Repeat the data exactly, please; no pictures belong in the copy.

▸ DATA SHOWN:
☆ ☆ ☆
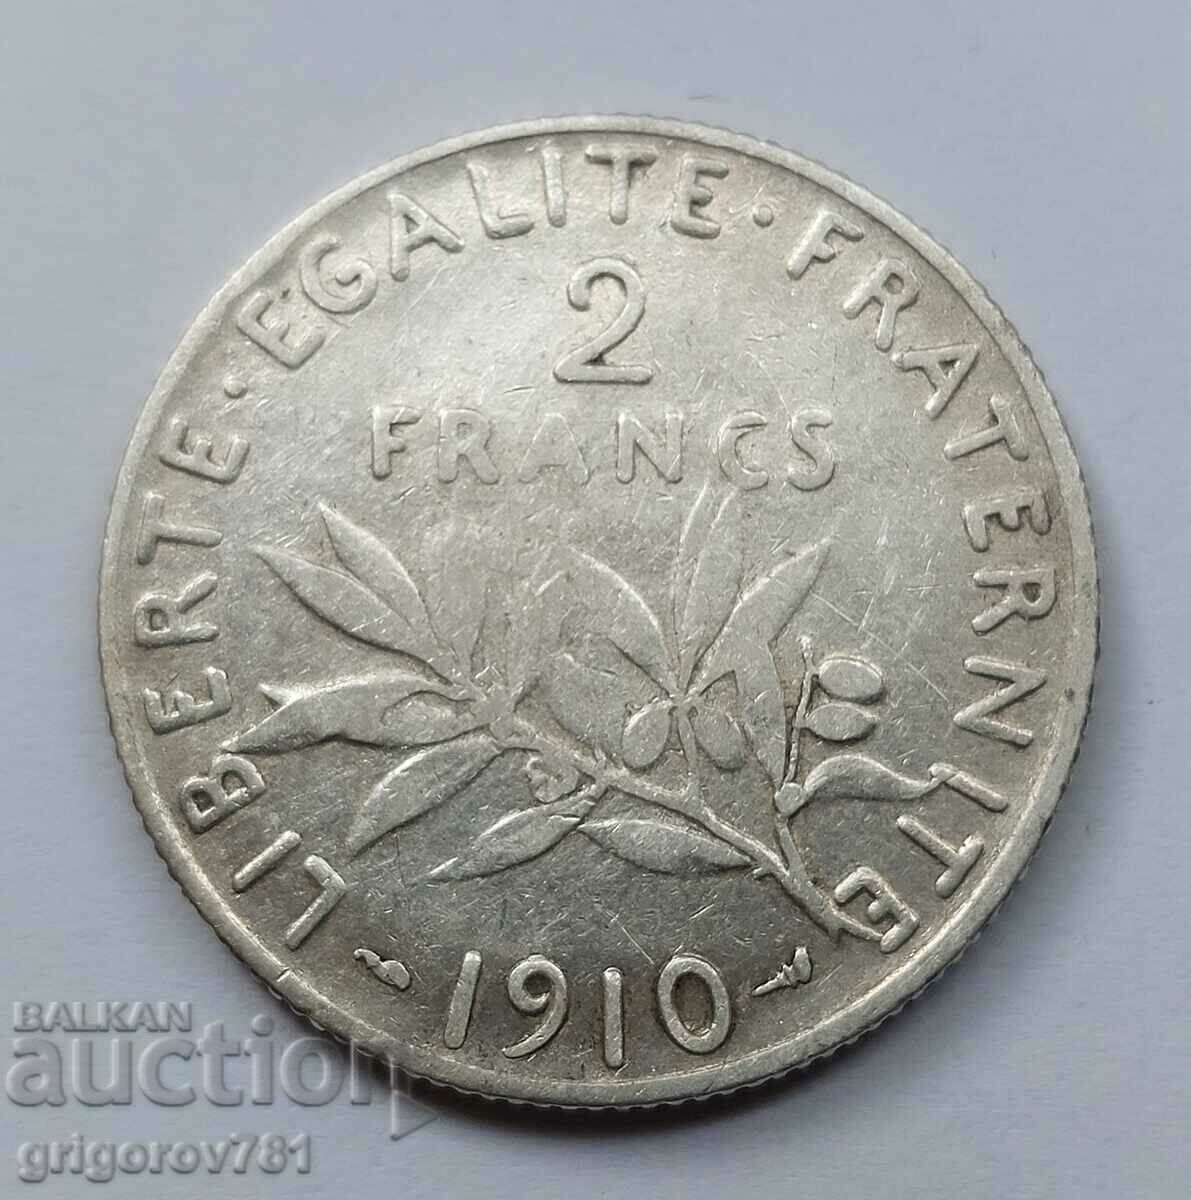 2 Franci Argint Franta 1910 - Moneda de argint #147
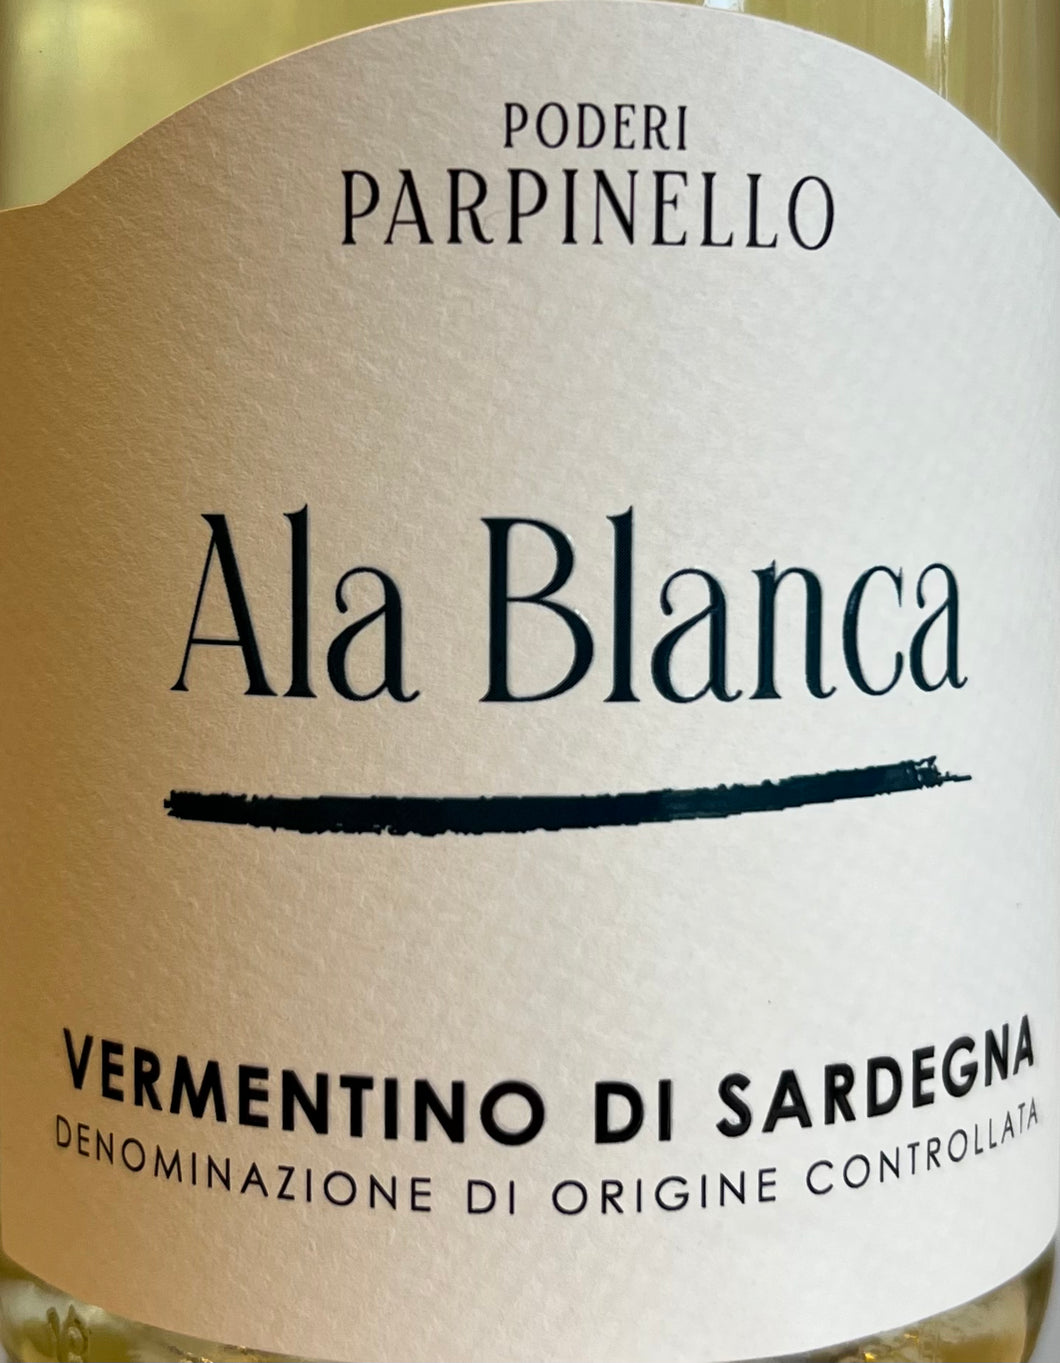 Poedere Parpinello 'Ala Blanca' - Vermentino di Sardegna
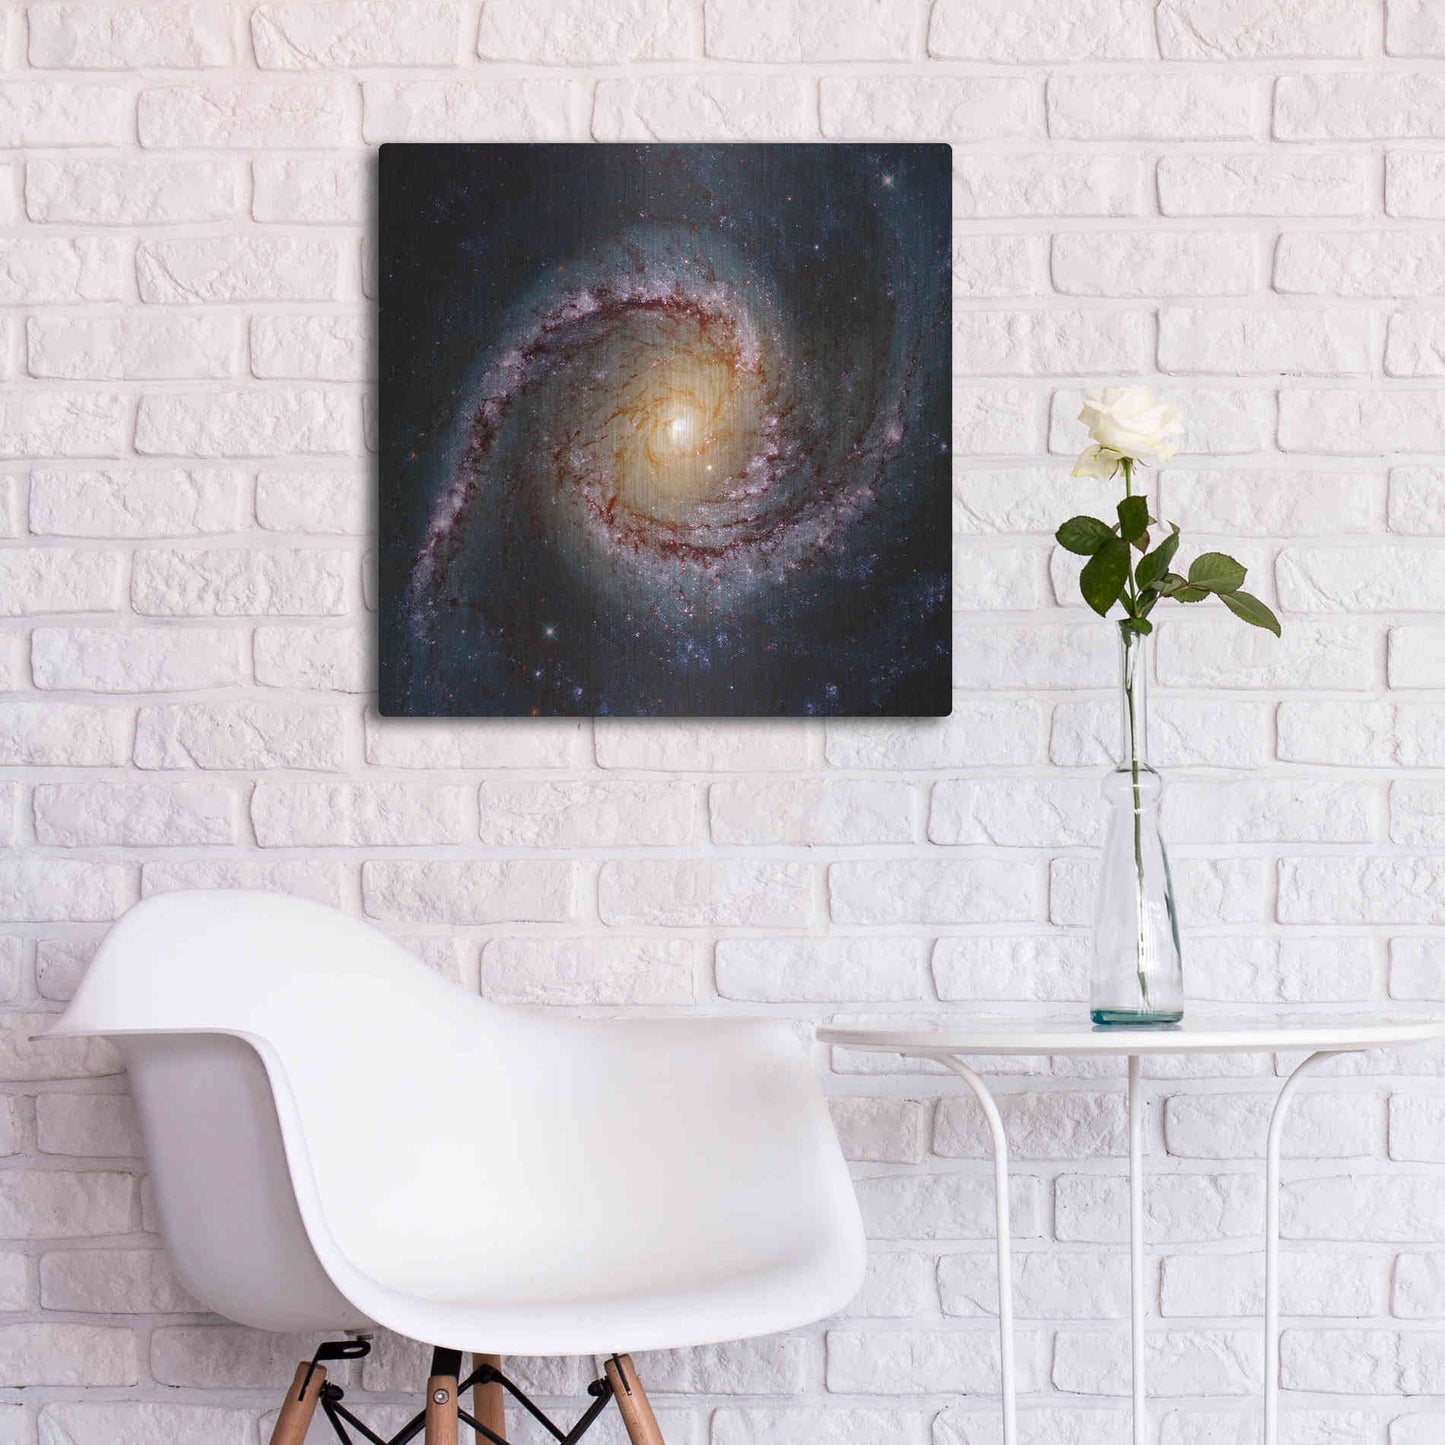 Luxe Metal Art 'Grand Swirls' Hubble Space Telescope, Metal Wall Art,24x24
☆ ☆ ☆
▸ TASK OUTPUT:
 2 Franci Argint Franta 1910 - Moneda de argint #147
 Poedere Parpinello 'Ala Blanca' - Vermentino di Sardegna
 Luxe Metal Art 'Grand Swirls' Hubble Space Telescope, Metal Wall Art,24x24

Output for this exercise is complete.